- Screenshot of Microsoft Edge, showing the Main Page of the English Wikipedia
- Original author: Microsoft
- Developer: Microsoft
- Release: January 15, 2020; 6 years ago

Stable release(s)
- Windows, macOS, Linux: 154.0.4258.37 / 24 September 2026
- Android: 153.0.4234.49 / 21 September 2026
- iOS, iPadOS, visionOS: 153.0.4234.46 / 21 September 2026

Preview release(s)
- Windows, macOS, Linux: 155.0.4283.13 / 23 September 2026
- Android: 154.0.4258.23 / 17 September 2026
- iOS, iPadOS, visionOS: 154.0.4258.23 / 17 September 2026
- Written in: C++, JavaScript, TypeScript, HTML, CSS, Rust, Java (Android only), Swift (iOS/iPadOS/visionOS only)
- Engines: Android: Blink; iOS/iPadOS/visionOS: WebKit; macOS: Blink; Microsoft Windows: Blink, MSHTML (IE mode for legacy websites); Linux: Blink; Xbox One: Blink; Xbox Series X/S: Blink;
- Operating system: Android 10 or later; iOS 18 or later; iPadOS 18 or later; visionOS 1.0 or later; Linux (specifically Ubuntu, Debian, Fedora, and openSUSE distributions); macOS 13 or later; Windows 10 or later; Xbox system software – September 2021 update or later;
- Platform: IA-32, x86-64, ARM32, ARM64
- Included with: Windows 10 v20H2 or later; Windows 11; Xbox system software – September 2021 update or later;
- Predecessor: Microsoft Edge Legacy (2015)
- License: Proprietary software, based on an open source project
- Website: microsoft.com/edge

= Microsoft Edge =

Web browser developed by Microsoft

Microsoft Edge is a proprietary cross-platform web browser created by Microsoft and based on the Chromium open-source project, superseding Edge Legacy. In Windows 11, Edge is the only browser available from Microsoft. However, a bypass is available to open Internet Explorer.

First made available only for Android and iOS in 2017, in late 2018, Microsoft announced it would completely rebuild Edge as a Chromium-based browser with Blink and V8 engines, which allowed the browser to be ported from Windows 10 to macOS and Linux. The new Edge was publicly released in January 2020, and on Xbox as well as Linux in 2021. Edge was also available on Windows 7 and 8/8.1 until early 2023.

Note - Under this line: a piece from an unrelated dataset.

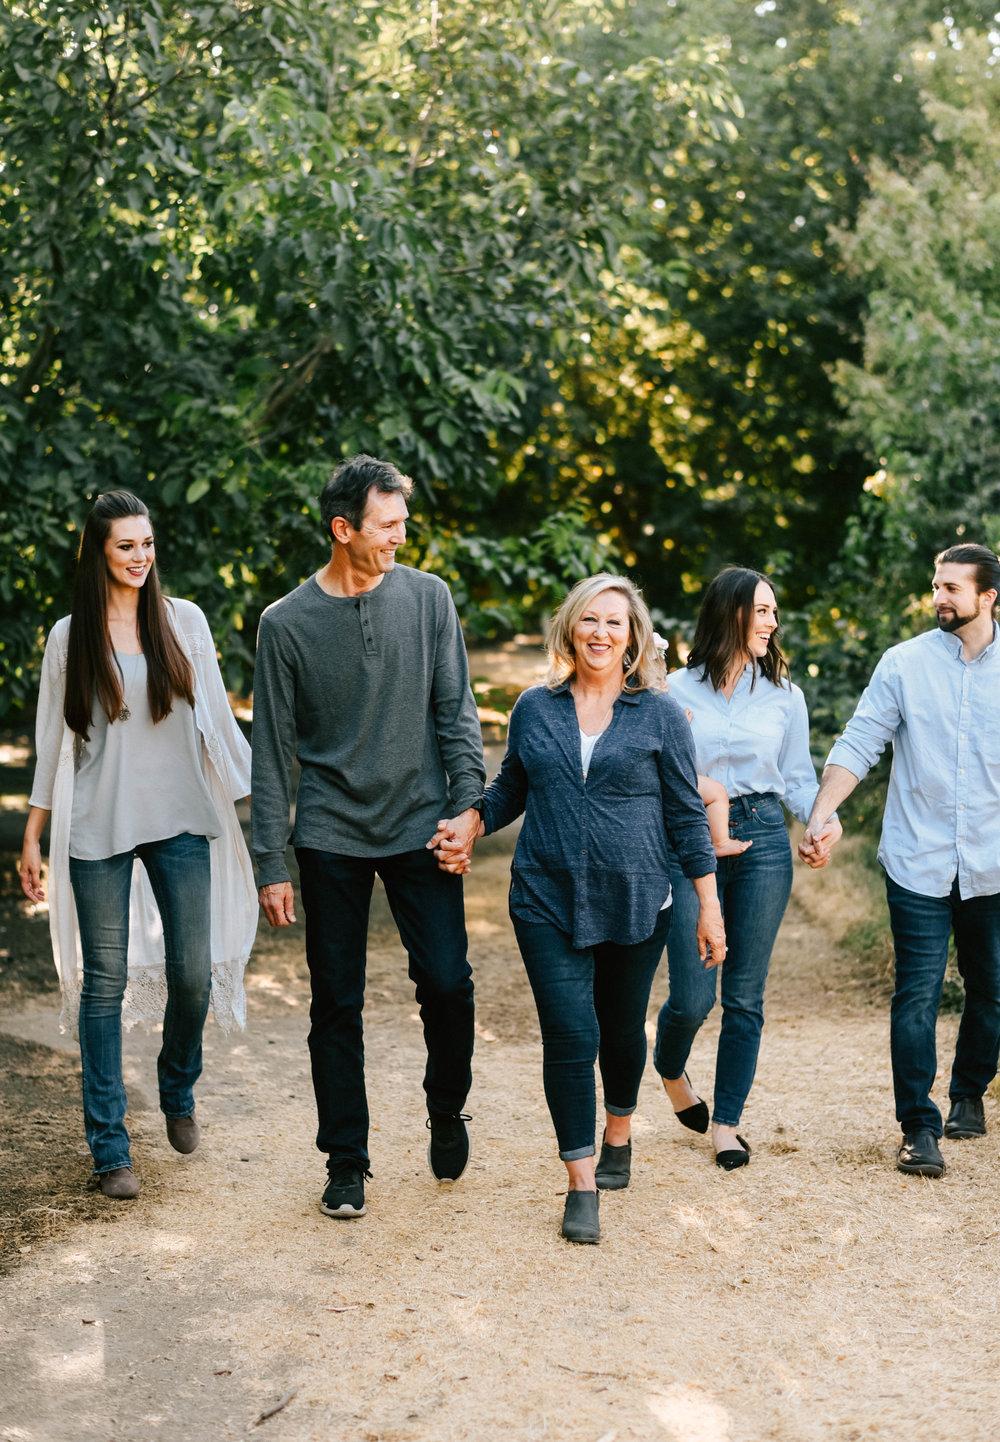 alyssajoyner+family-10.jpg

By 2022, Edge was used by 11% of PCs worldwide. In February 2023, according to StatCounter, Microsoft Edge became the third most popular browser in the world, behind Safari and Chrome, while as of January 2025, Edge is second most popular PC/desktop web browser with Safari sliding to 3rd place.

== Features ==
The new Microsoft Edge is the default web browser, replacing Edge Legacy.

In Windows 11, Edge is the only browser available from Microsoft (for compatibility with Google Chrome). However, it includes an "Internet Explorer mode", which is aimed at fixing compatibility issues; it provides the legacy MSHTML browser engine and supports the legacy ActiveX and BHO technologies.

New Edge also has a new feature called vertical tabs which allow users to move tabs on the left side of the screen.

As of December 2022, there are over 9,000 extensions—called add-ons—available for Edge.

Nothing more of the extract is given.